- **REQUIRED ACTION**
Copy only what lies from the line containing "Household Income and" through the line containing "LOUIS VUITTON Vernis" in the entries below, keeping both end lines exact and dropping every picture.

━━ WORKING DATA

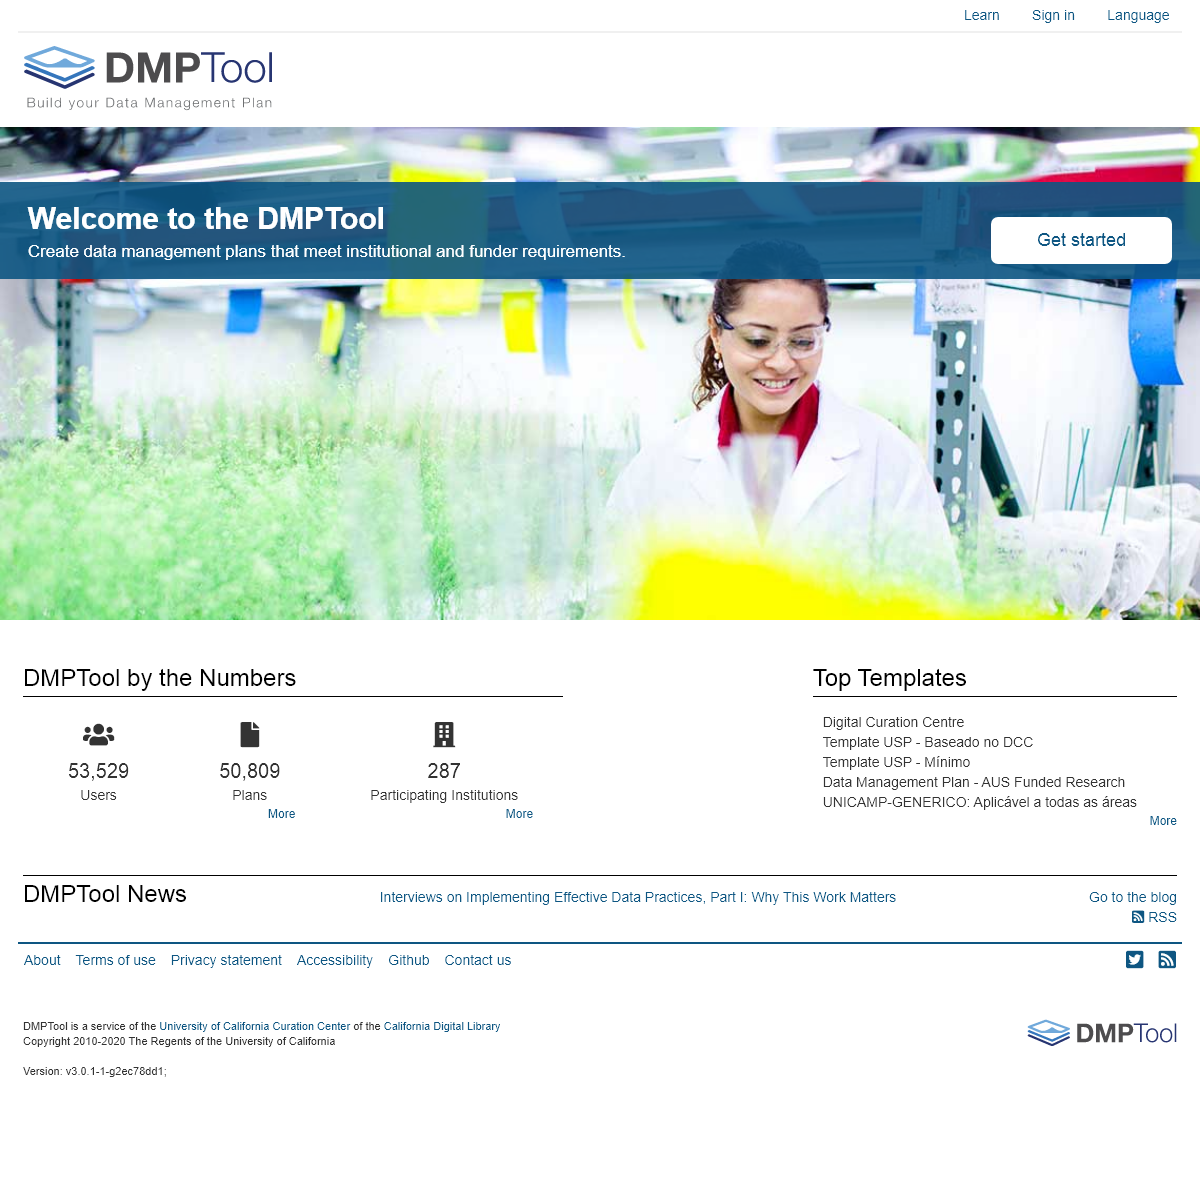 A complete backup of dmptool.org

━━━━
━━ WORKING DATA

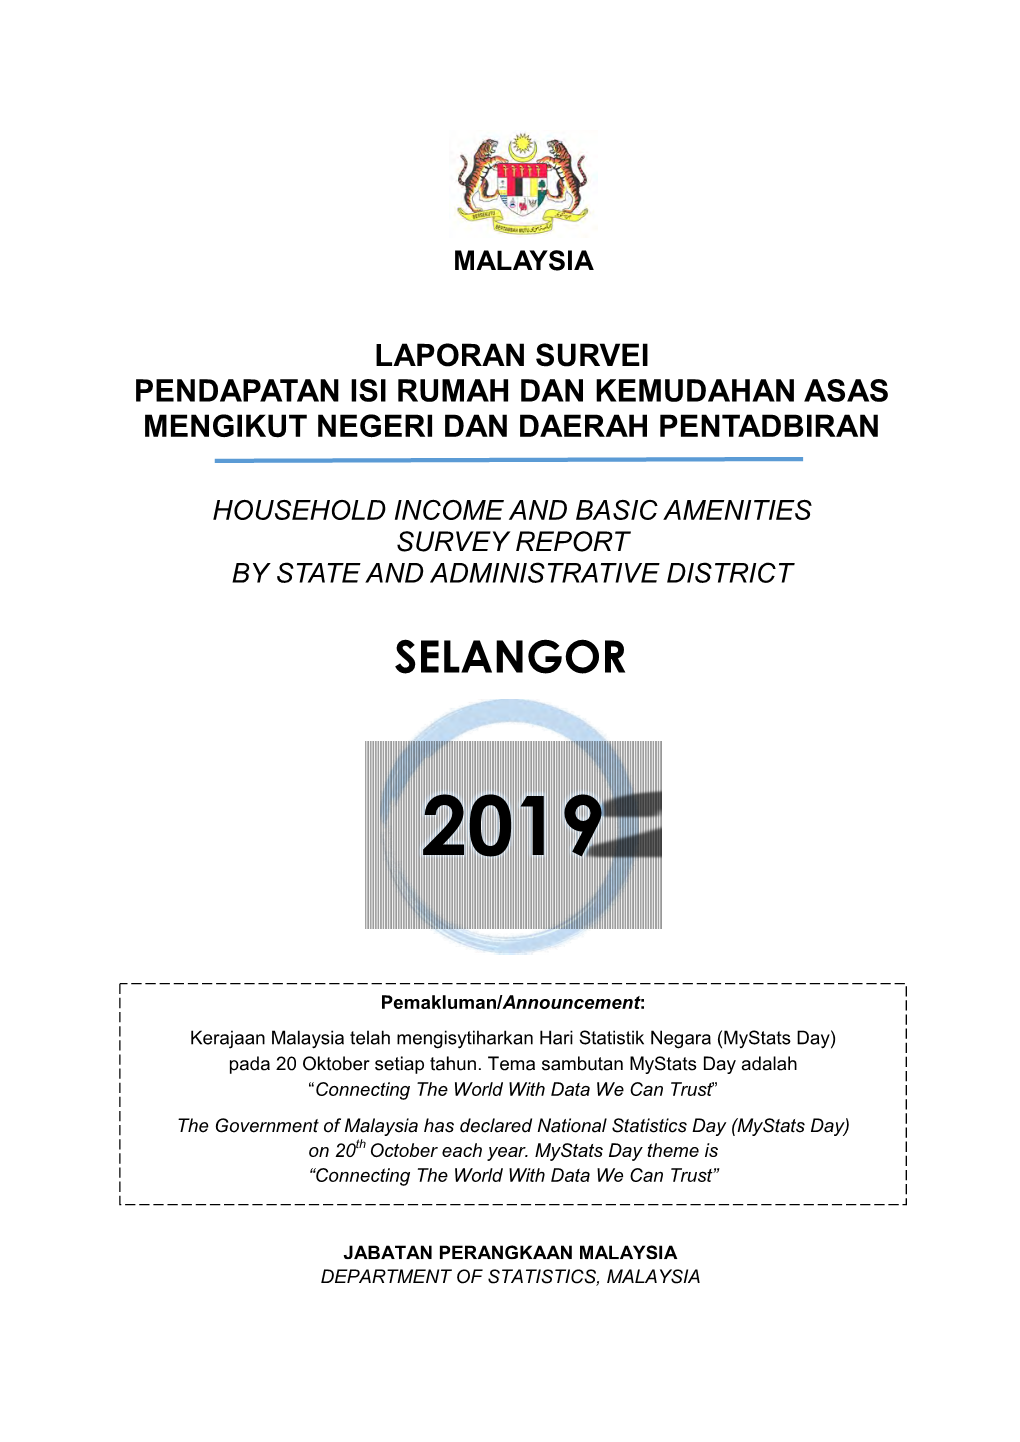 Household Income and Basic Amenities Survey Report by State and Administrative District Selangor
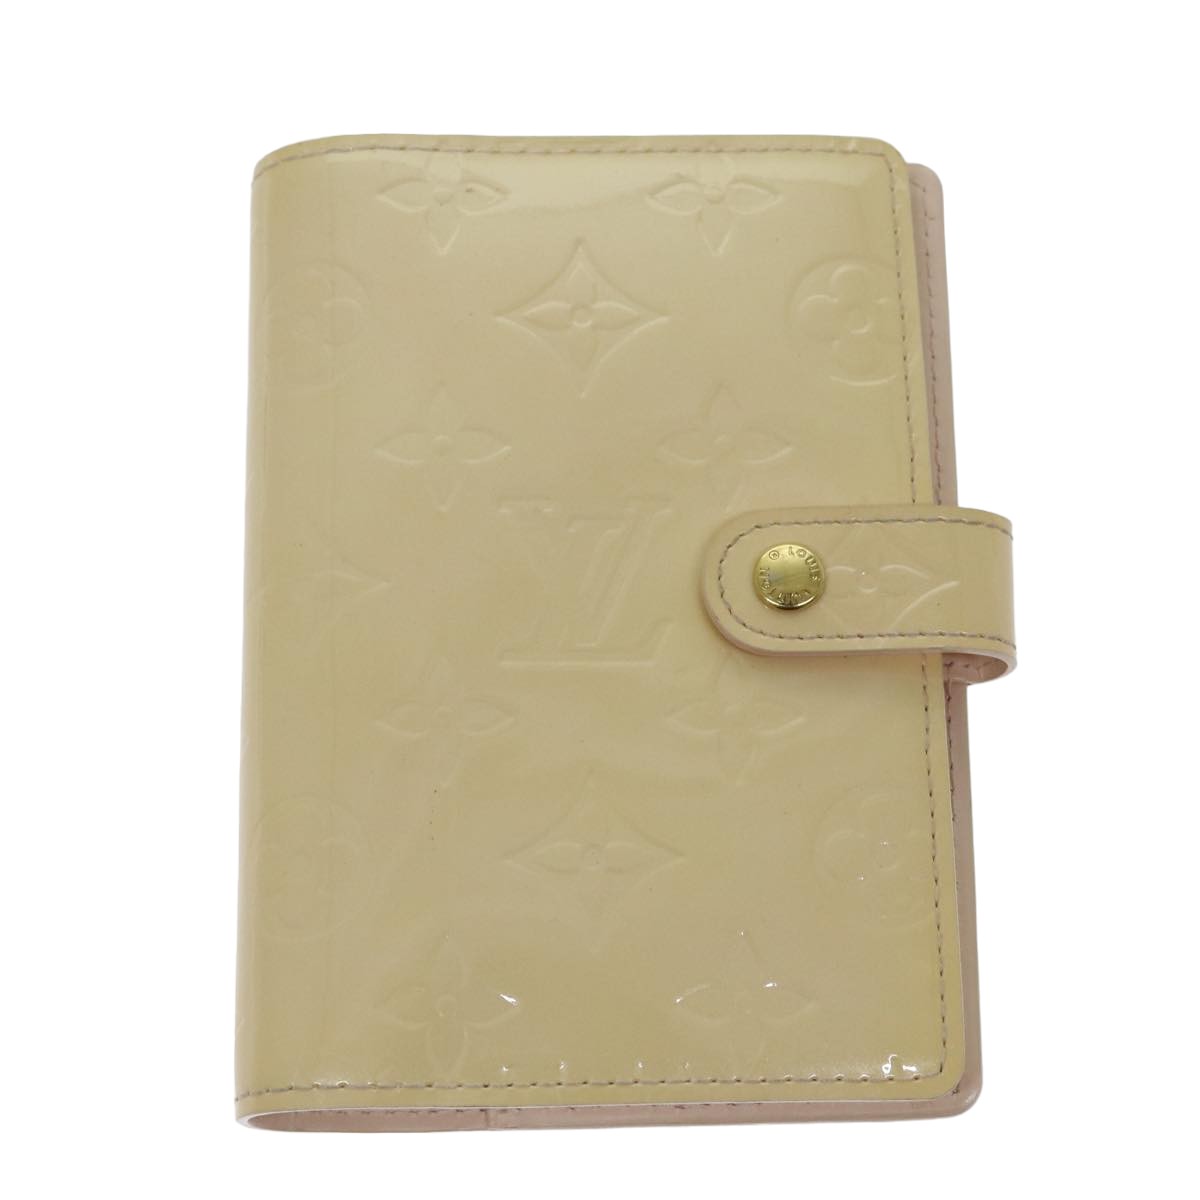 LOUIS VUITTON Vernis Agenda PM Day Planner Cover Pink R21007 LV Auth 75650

━━━━

- **ANSWER SPACE**
 Household Income and Basic Amenities Survey Report by State and Administrative District Selangor
 LOUIS VUITTON Vernis Agenda PM Day Planner Cover Pink R21007 LV Auth 75650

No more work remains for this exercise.